PARIS (Reuters) -Kering reported a bigger-than-expected drop in second-quarter sales and forecast a weak second half, as the French luxury group works to revive its key label Gucci while facing subdued demand from Chinese shoppers.

Sales at the French luxury group which also owns labels Boucheron and Balenciaga, fell to 4.5 billion euros ($4.9 billion), an 11% drop on an organic basis, which strips out currency effects and acquisitions.

The figure was below analyst expectations for a 9% drop, according to a Visible Alpha consensus.

Kering (EPA:PRTP) said second-half operating income could fall by around 30%, following a 42% drop in the first half to 1.6 billion euros.

"There was a deterioration of the trends in June that so far are persisting in July," deputy CEO Jean-Marc Duplaix said on a call with analysts.

However, chief financial officer Armelle Poulou told reporters that the forecast smaller decline in operating profit in the second half compared with the past six months was based on a gradual improvement in revenue, especially for Gucci.

Kering's American Depository Receipts (ADRs) were down about 8% in New York, extending earlier losses after the results were released.

On Tuesday, sector bellwether LVMH's quarterly results missed expectations as sales rose 1%, offering few signs that a pickup is around the corner, and sending shares in the luxury goods sector down on Wednesday.

Kering's Paris-listed shares had traded at their lowest level since 2017 ahead of its results which came after European trading.

Sales at Gucci fell 19% in the quarter, showing no improvement from the first three months, and below analyst expectations for a 16% decline, according to a Visible Alpha consensus.

Kering has been revamping Gucci, the century-old Italian fashion house which accounts for half of group sales and two-thirds of profit.

Minimalist designs from new creative director Sabato de Sarno, which began trickling into stores earlier this year, are key to the reset and push upmarket, in a bid to cater to wealthier clients who are more immune to economic headwinds.

Poulou said that the designs had been well received and the rollout was on track.
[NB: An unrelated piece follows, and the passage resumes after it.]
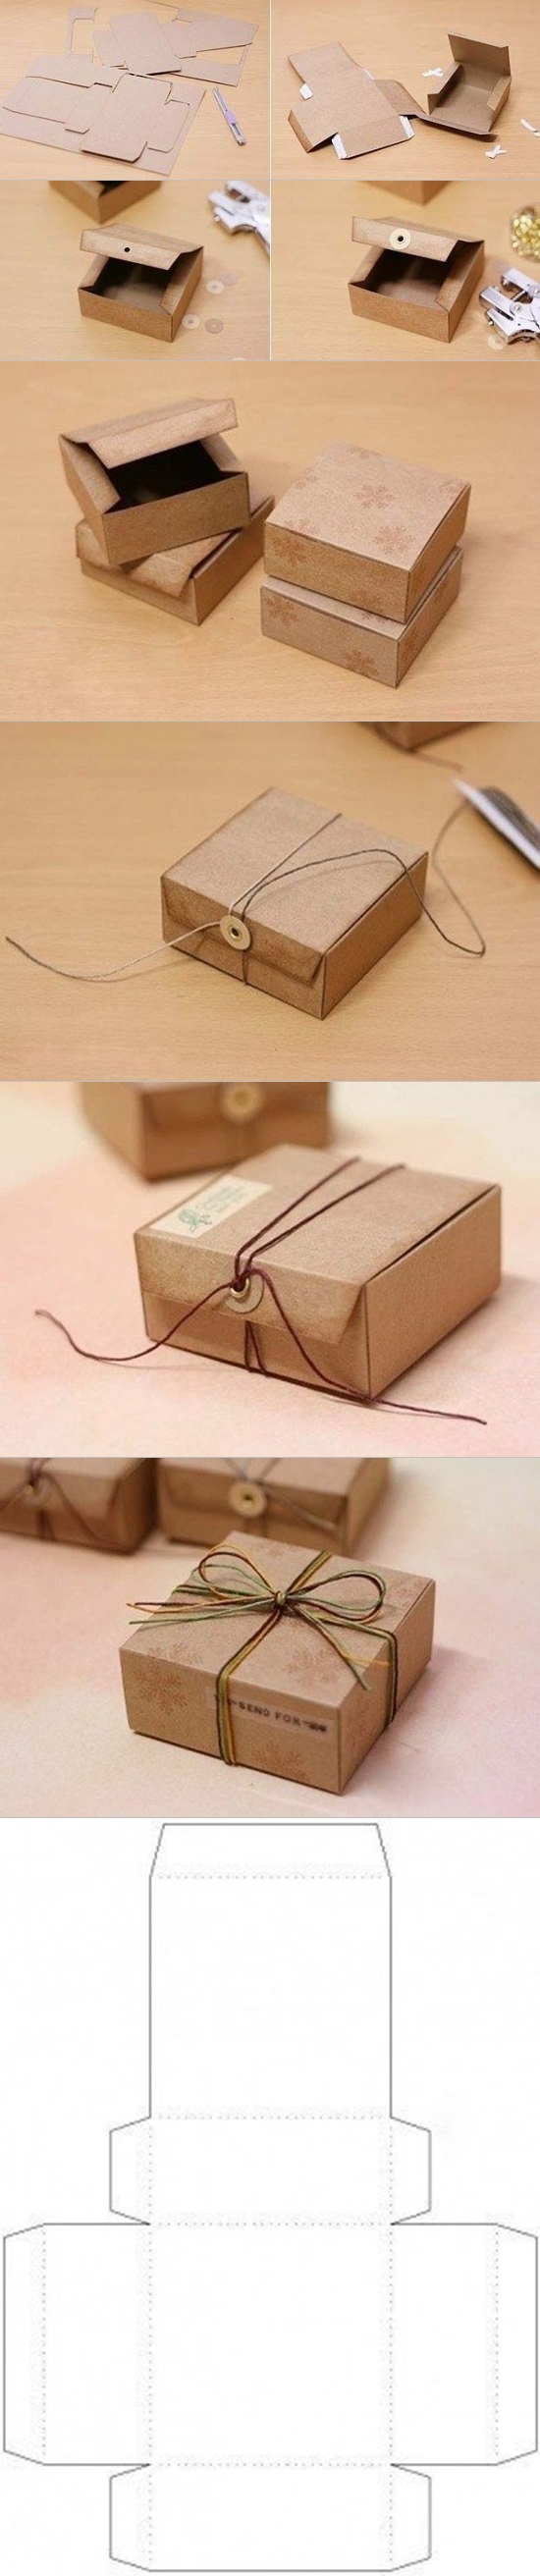 DIY gift box. Gift box making ideas. How to make easy box for gifts -  tutorial. DIY paper crafts

But the efforts have been complicated by a downturn in the global luxury market, while China's rebound - traditionally Gucci's most coveted market - was clouded by a property crisis and high youth unemployment as Western markets came down from a post-pandemic splurge.

Kering said Gucci experienced a marked decrease in Asia-Pacific. Group revenues from Chinese consumers, both at home and abroad, fell 25% during the quarter, Poulou told analysts on a call.

© Reuters. FILE PHOTO: The logo of French luxury group Kering is seen at Kering headquarters in Paris, France, February 13, 2023. REUTERS/Sarah Meyssonnier/File Photo

Despite higher revenue in Japan, Kering's sales in Asia fell 25% in the second quarter, with Poulou pointing to large declines in Hong Kong and Macau.